Bob Burns, who started the discussion over a flag for Devon, cited the visibility of the Cornish Flag as one of his reasons "Devonians are only too aware of the ubiquitous Cornish Flag, which can often be seen in the form of car bumper stickers, on vehicles entering Devon from Cornwall."

Dr Mark Stoyle, a Devon historian, noted that "People are quite aware in Devon that the Cornish make political capital by claiming to be different". He also suggested that the new-found sense of Devonian identity was a backlash against incoming "city-dwellers settling in the South West".

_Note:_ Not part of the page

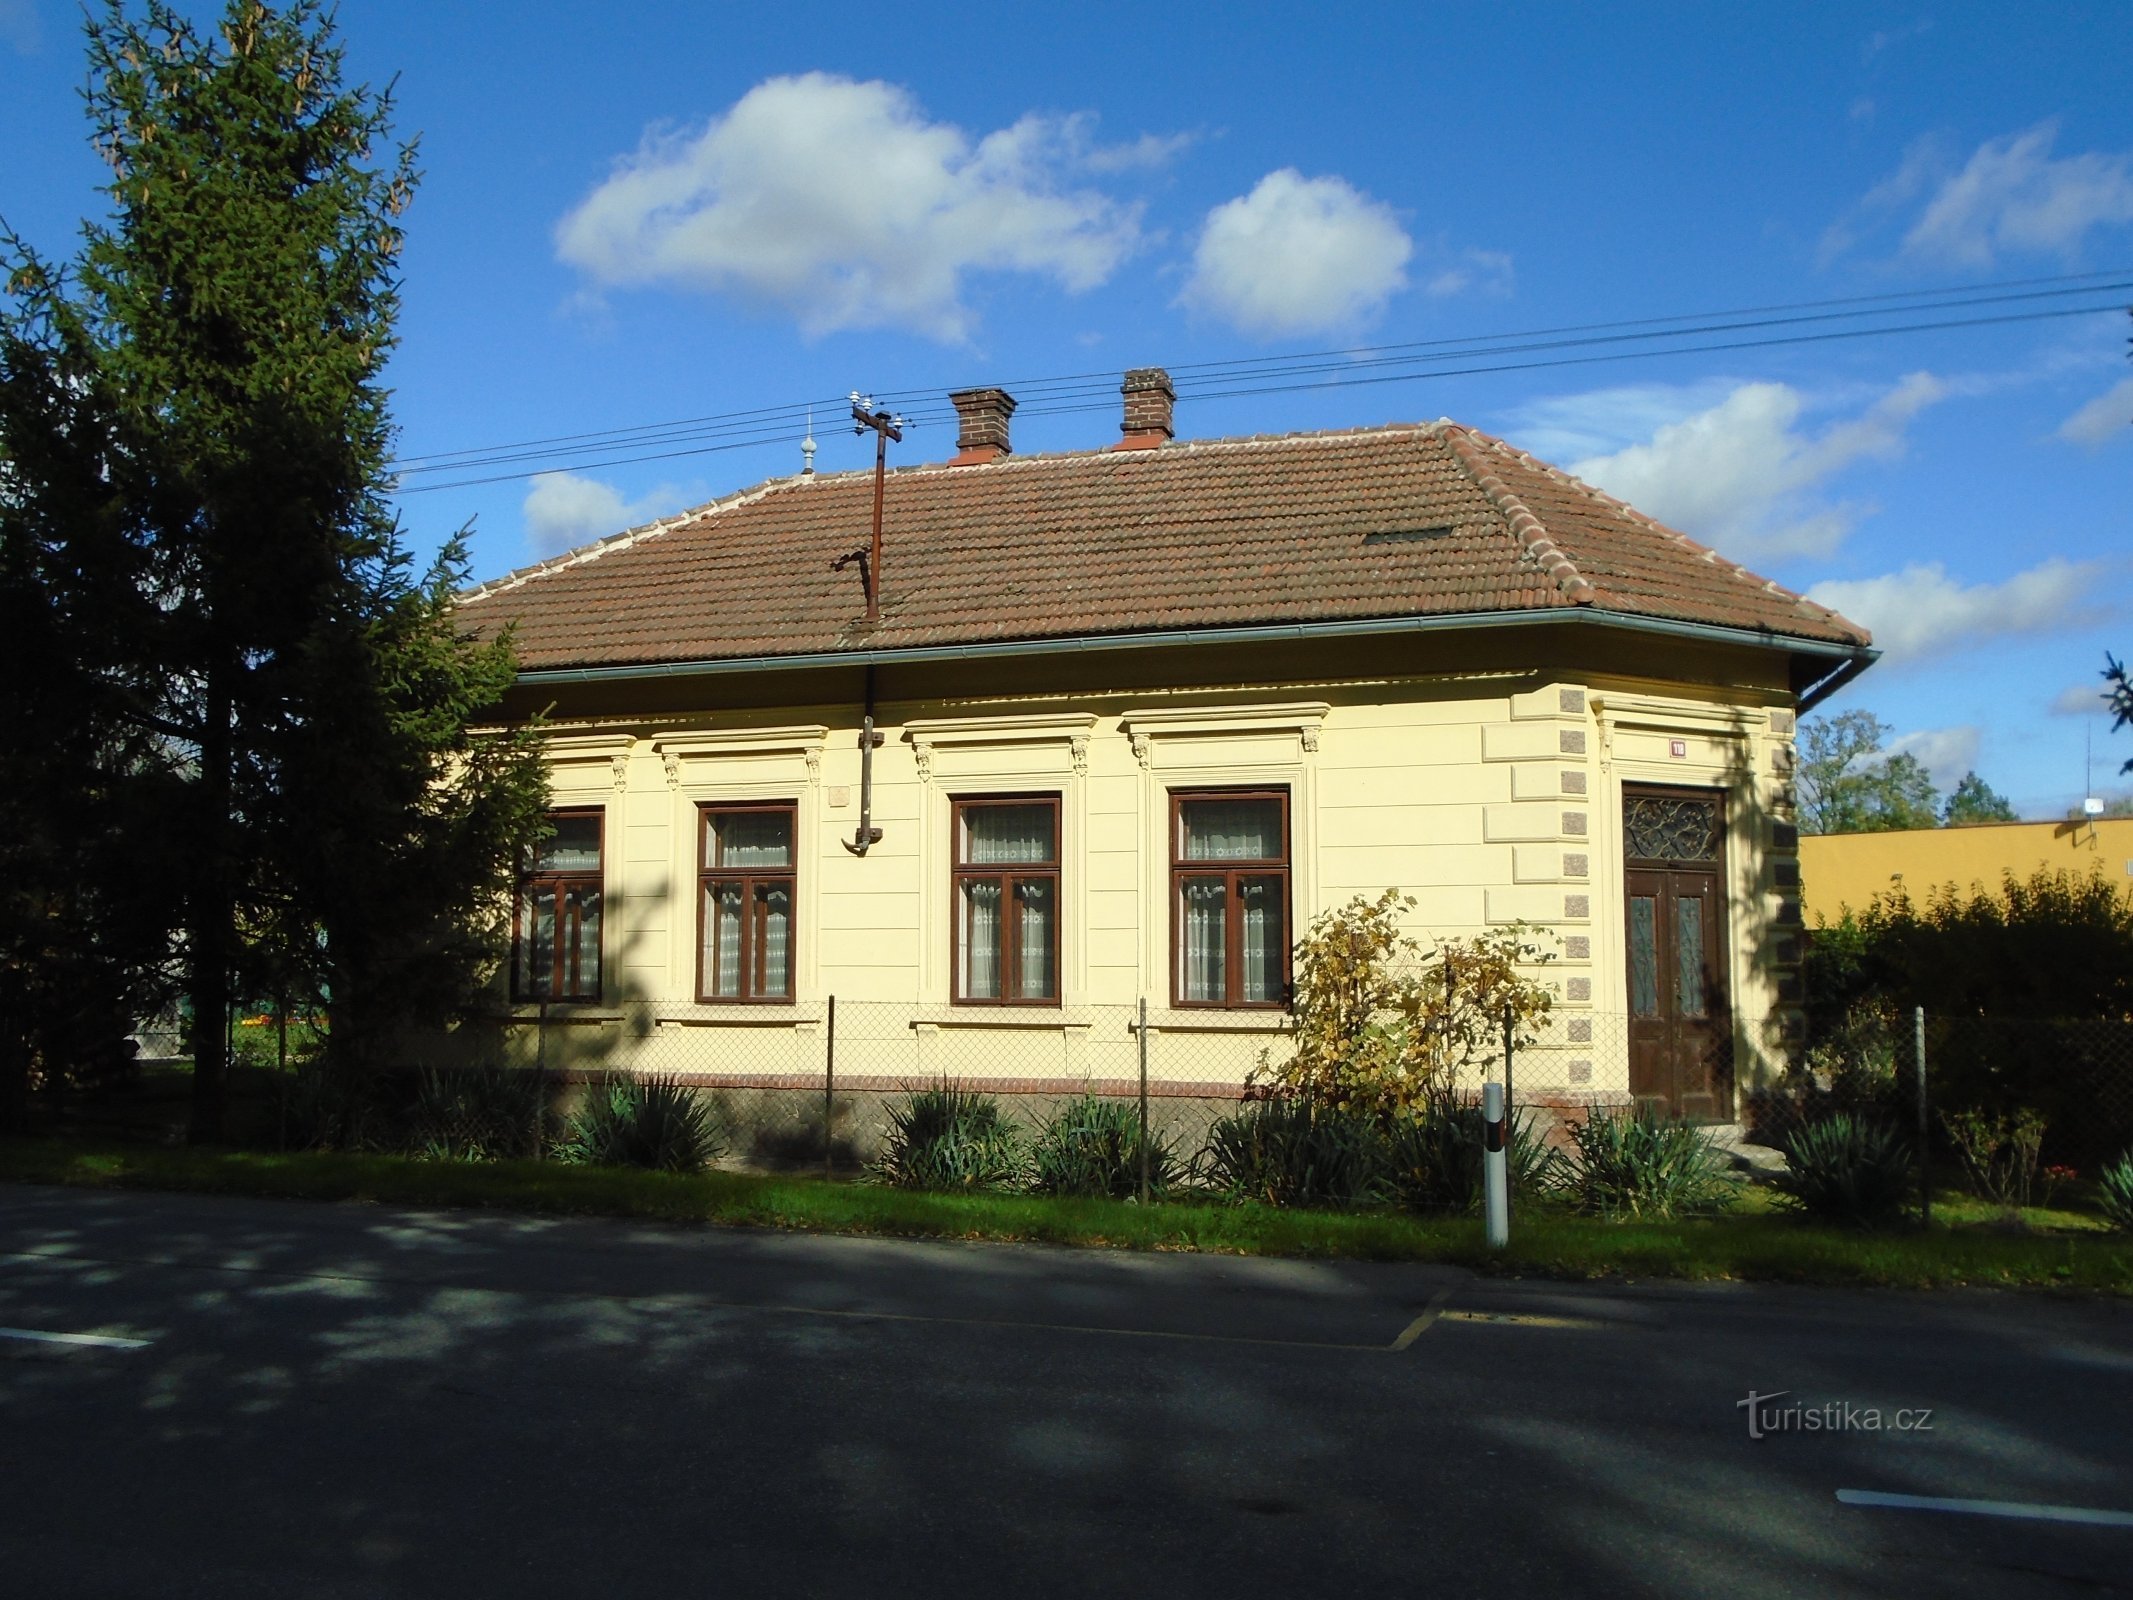 Hradecká nr. 118 (Opatovice nad Labem)

The decision to dedicate the flag to St Petroc was not without controversy as the saint is equally popular in neighbouring Cornwall. In defending the decision, Devon's strong claim to the saint was highlighted – Devon's 27 church dedications to Saint Petroc outnumber the 6 dedications in Cornwall, and a great many Devon villages are named after the Saint, such as Petrockstowe and Newton St Petroc. Cornwall had already selected Saint Piran as their patron saint many years previously.

==Derived flags==

The Devon Ensign adds a Union Flag into the Canton of the Devon Flag. This flag is described as for use at regatta, high days and holidays, weddings, and burials at sea.
Flag of Newton Abbot, adopted in 2009, featuring the town's St Leonard's Tower in the centre of a modified Devon flag.